Is anyone else entertained? Can you recall any male executive who was held accountable amidst all of the hoopla surrounding the global financial crisis in 2008? We had a crisis that resulted in the collapse or near collapse of large financial institutions, like Lehman Brothers or AIG; the federal bailout of financial services and large industrial companies, recall TARP and GM; downturns in the global stock market and the housing market; and widespread unemployment that reached and still remains at historic highs. Now answer this: is there anyone in America who can’t tell you who Ina Drew is?
For those in a news vacuum this week Ina Drew and her team made some real mistakes at JP Morgan Chase, costing upwards of $2Bn in losses. But I can’t believe that one of the first people we call to task for financial misdeeds is a female executive, one of the few who comprise less than 8% of executives across the entire financial services industry. What about holding her boss Jamie Dimon accountable? Truth be told there were other women who took the fall for their male peers and bosses earlier in the financial crisis. Erin Callan, CFO of Bear Stearns, comes to mind. But, I digress.

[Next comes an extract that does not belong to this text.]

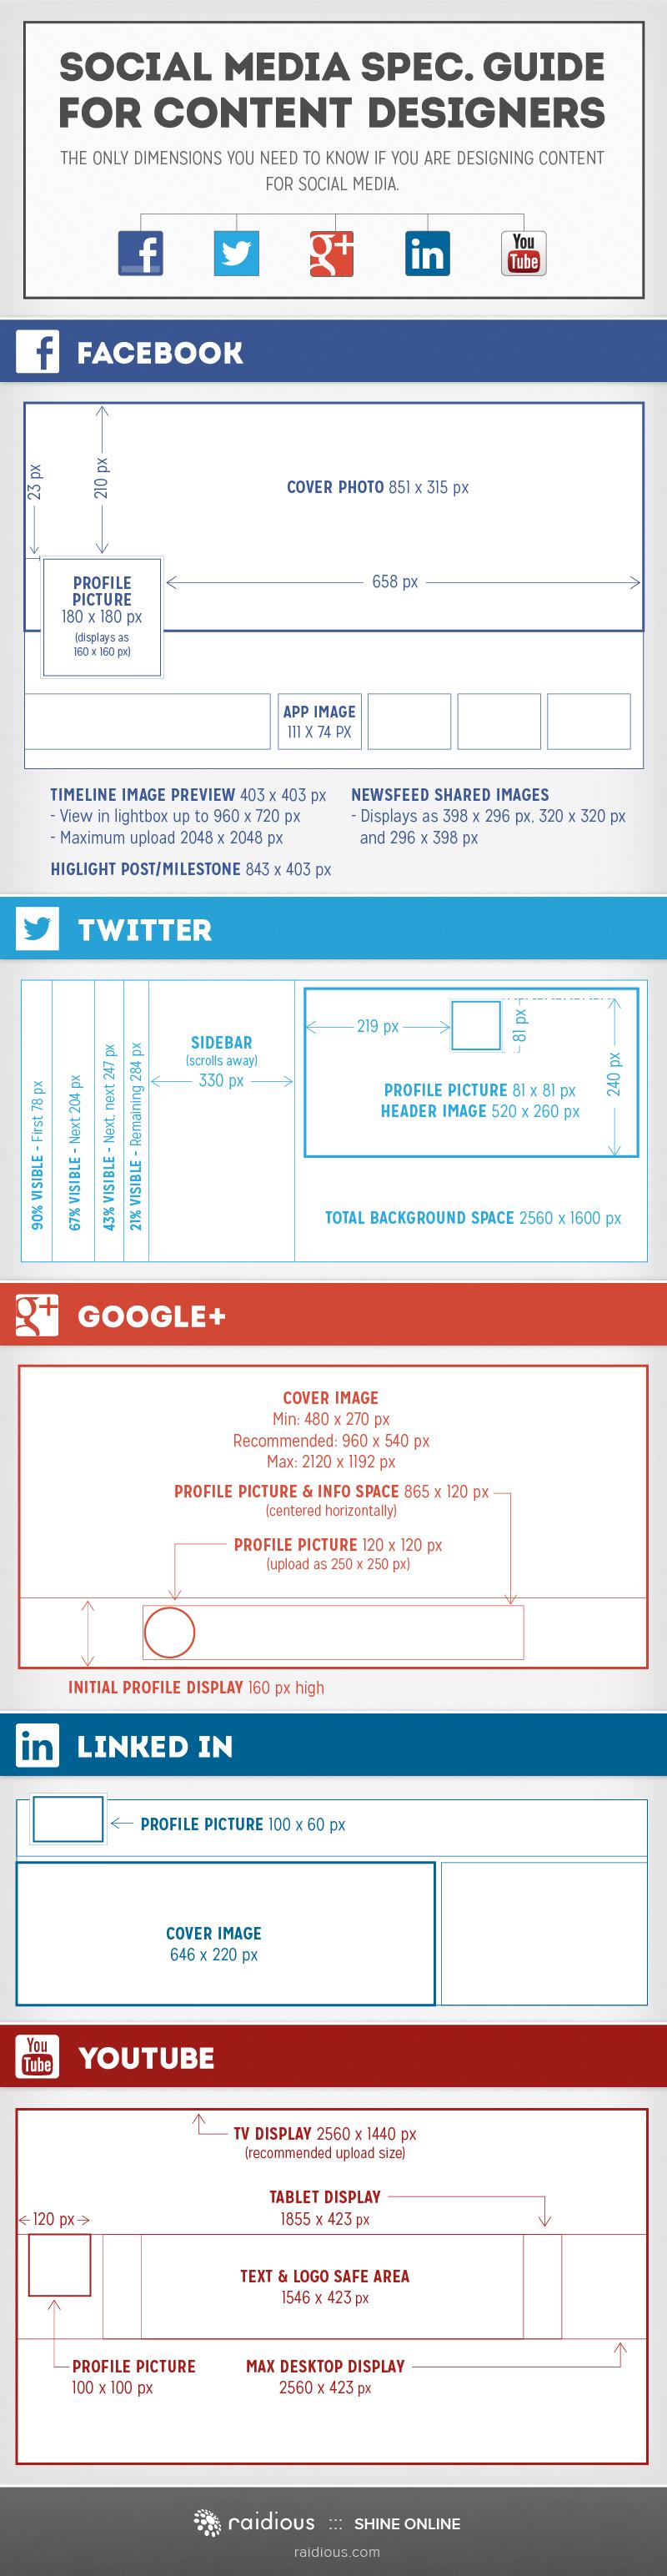 social-media-spec-guide.png

Can you tell that I spent a lot of time this week reading online news? While snooping around I happened upon a piece on WBUR’s CommonHealth site “When You Lose Your Sport, What Happens To Your Self?” by Carey Goldberg, former Boston bureau chief of The New York Times. The story convinced me that we as a society don’t understand transition…either women’s or men’s.
The story featured a clinical psychologist named Dr. Matthew Krouner of Brookline, MA who is offering a new type of group therapy for former ‘athletes.’ The doctor defines athletes in his literature as anyone who has played a sport, even a weekend warrior. Says Dr. Krouner “once you’re not able to do that anymore, even if it’s not a professional identity (READ: professional athlete), there’s a real sense of loss and a grieving that can take place.” Imagine that. As I was reading I got a little crazy and changed the words to ‘women’ or ‘our professional selves’ versus ‘sports’ or ‘athletes.” Do you see the parallels?
Dr. Krouner shared that he has been, “fascinated by stories of pro athletes whose lives deteriorated after they retired from sports at young ages.” I wonder if young women who make choices to accommodate child rearing early in their career face the same challenges? He goes on to say, “They had to face the monumental challenge of losing an ‘all-encompassing identity.'”
Anna Fels, author of Novofemina’s Summer Book Review #8: Necessary Dreams observed, “that women in the midst of their adult lives, not men, are faced with continuous pressure to re-evaluate and reshape their lives – a process by which women create, realize, reconfigure and abandon goals.” I guess that is why Dr. Krouner is so fascinated by the athletes’ transition, few men ever traverse this terrain.
Fels concludes that our challenges lie in the “absence of any maps or models with which to draw upon.” She relates this unchartered territory to the highly credentialed ‘status’ of women today versus women of only a generation or two ago.
For a while, particularly in the late 70’s and 80’s, we shaped our role models out to be men-in-skirts albeit with better educational credentials. Sylvia Ann Hewlett, author of Off-Ramps and On-Ramps: Keeping Talented Women on the Road to Success, wrote that “a “white male career” model as inconsistent with the needs and objectives of most female workers. Women’s career interests are typically non-linear, or lacking the continuous, full-time characteristics of the male career.”
So where does this leave our 21st century role models? I have Len Schlesinger, president of Babson College, playing in my head…”it’s the one who defines the problem correctly who wins.” My Schlesinger-esque response is that we have role models all around us but we use the wrong filters to view them. They are tougher to see – these discontinuous, non-linear career models – because they don’t look like Jamie Dimon’s nor Ina Drew’s.
In my transition I’m holding fast for a career with greater alignment across my various interests. My new work self doesn’t look or act like Ina Drew nor Jamie Dimon…but it used to. Many days I believe wholeheartedly that the easy road would be to just go out and get a job.
But…I am inspired by the prospect of contributing to a new set of models. And, I am thoroughly energized by the work that I am doing. To date I would say of this new 21st century non-linear career world: the filters used to measure success are different but the hurdles are much higher. Sound daunting? We can’t let it be. Will you join me?